Trump is unnecessarily sparking yet another international row. BRICS member-states are dissatisfied with the policies of western-led financial institutions, including the International Monetary Fund and World Bank. They are also frustrated with the dollar’s status as a reserve currency, but there is no intention to de-dollarise. Hosting the BRICS summit in Kazan in 2024, Russia had called for a reassessment of the dollar’s central role in global finance. But in Rio de Janeiro, Russia denied that a BRICS currency for payments between members had ever been discussed. Meanwhile, de-dollarisation would not be in the interests of India and China because the US is their largest trading partner and they are struggling to keep Trump’s tariffs against them at bay.
In principle, the enlarged BRICS has the potential to become a major geopolitical and geoeconomic force. The group represents more than 40% of the world’s population and produces 30 % of its oil. BRICS countries have established considerable intergovernmental cooperation. Significantly, China is the largest contributor to the group’s New Development Bank which challenges Western-dominated institutions of global economic governance.
There is considerable uncertainty about whether BRICS+ could become a coherent, anti-Western bloc. Such an outcome would only complicate prospects for multilateralism and may not be attractive to many of its members. Not all of them are hostile even to Trump’s US, which is antagonistic to any country that disagrees with it. India, for example, is a member of the Quad and is currently negotiating a trade deal with the US. China, the greatest challenger to the American superpower, will not move against the US for the sake of the developing world but it will do so to advance its own interests. At another level, China will block India’s accession to permanent membership of the UN Security Council or any criticism of Pakistani-exported terrorism—both were omitted from the final communiqué of the BRICS+ summit. And a group as divided as the BRICS cannot replace Western capitalism represented by the G7.
China’s President Xi Jinping did not attend the BRICS summit in Brazil; China’s premier Li Qiang replaced him.

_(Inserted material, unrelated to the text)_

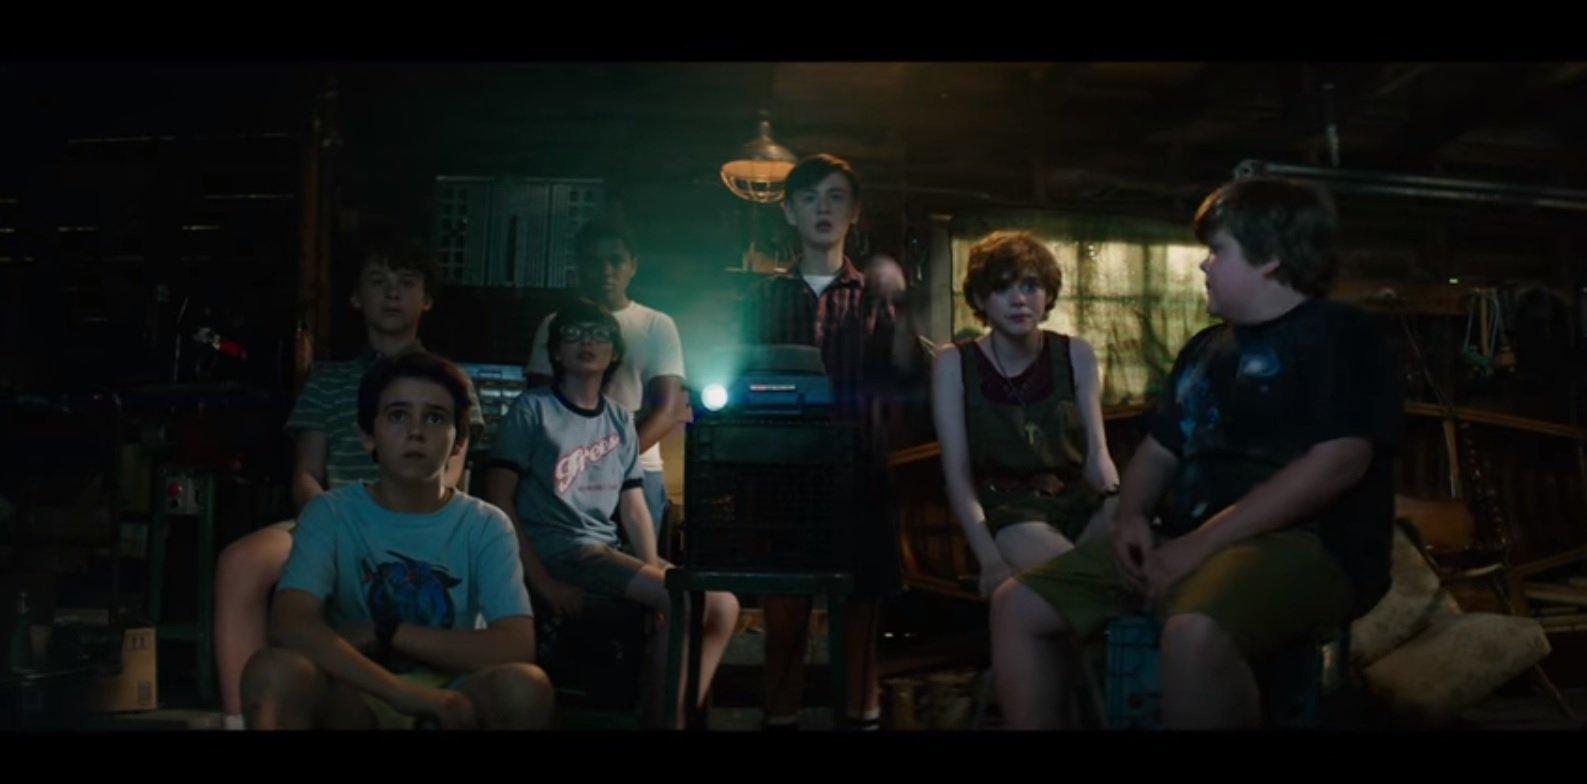 Кадр из фильма Оно

That did take some of the shine off the meeting since Xi has played a major role in making his country the US’s greatest world challenger.

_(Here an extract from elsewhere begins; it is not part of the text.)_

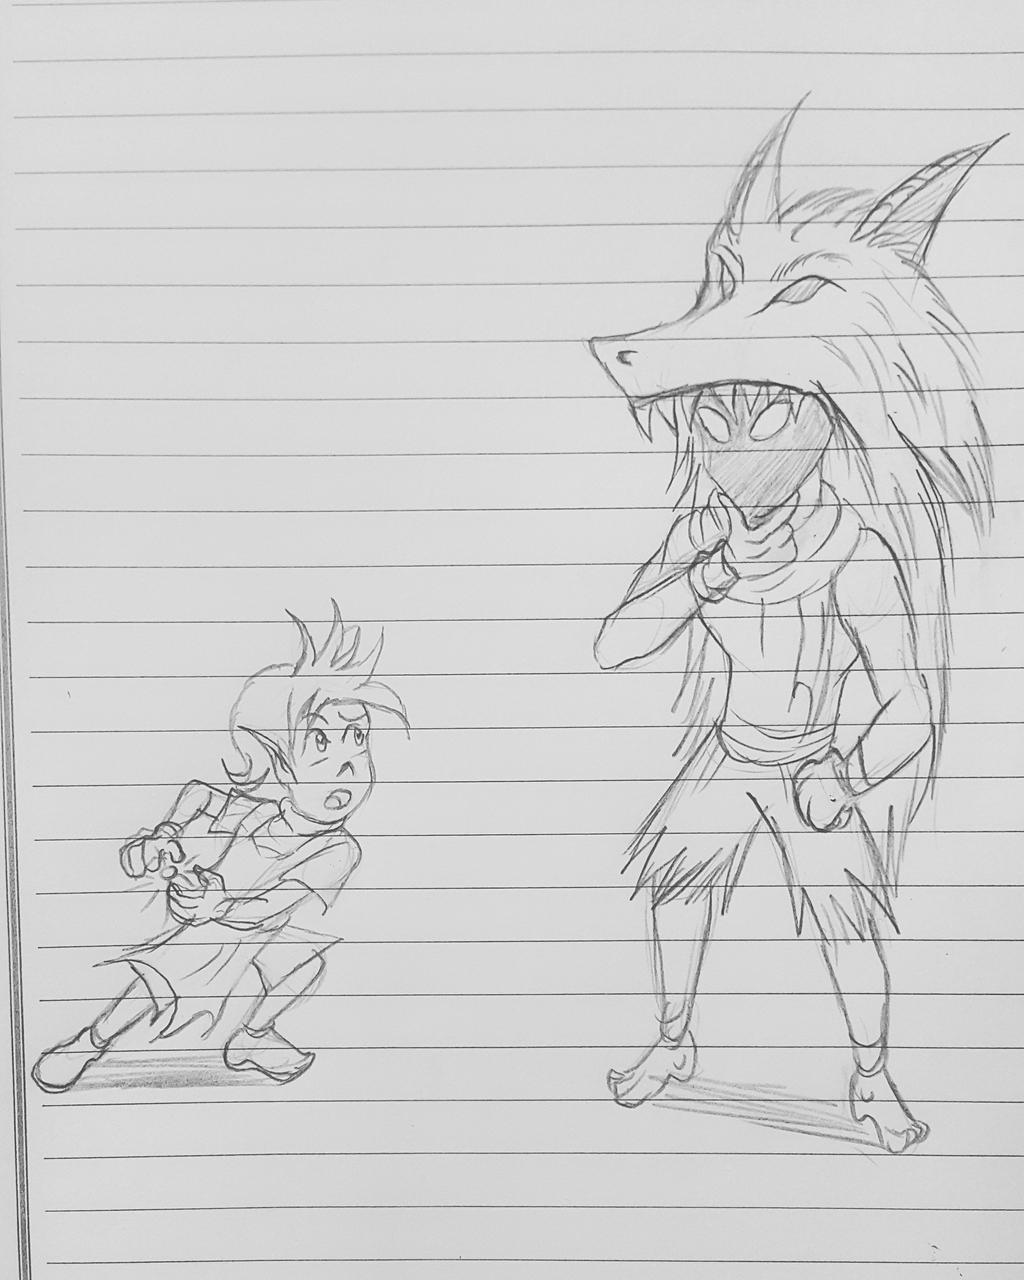 Carlo asked the Undying Spirit Warrior by ryuu-samazx

The potential of BRICS members and partner countries to fulfil their individual aspirations via the grouping hinges on which vision of the future of the world order will ultimately play out. Will they be able to create a more egalitarian mode of global governance, hedge against Western instability while maintaining a geopolitical neutrality, or participate in an alternative international economic system outside the reaches of American sanctions? Much will hinge on the degree of common purpose shown by the US’s European allies, whose like-mindedness and solidarity the second Trump administration has suddenly called into question.

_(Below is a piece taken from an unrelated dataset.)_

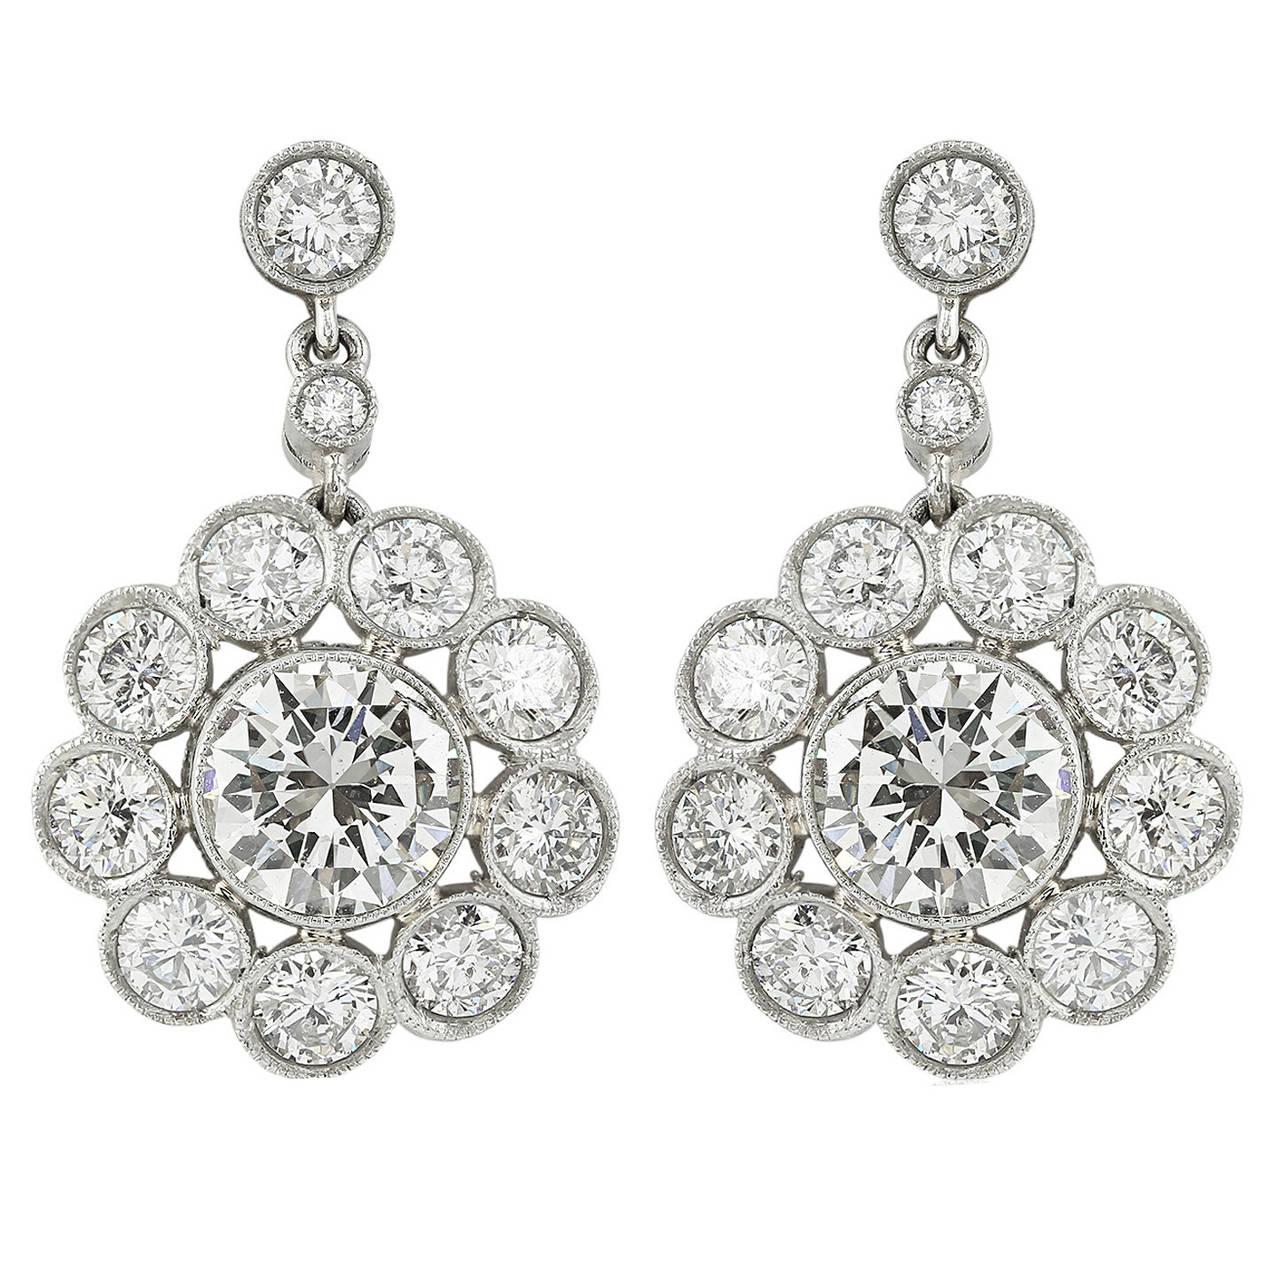 5.03 Carat Diamond Cluster Earrings

Over the past two years, BRICS
has significantly expanded its list of members and partners as countries pursue new economic opportunities, political influence, and greater resilience while Washington retreats from key international institutions. That has raised more hopes about BRICS. However, BRICS remains too divided by a mix of national interests and economic weaknesses—and a continuing dependence on Europe and the US—to gain the spotlight as the champion of multilateralism.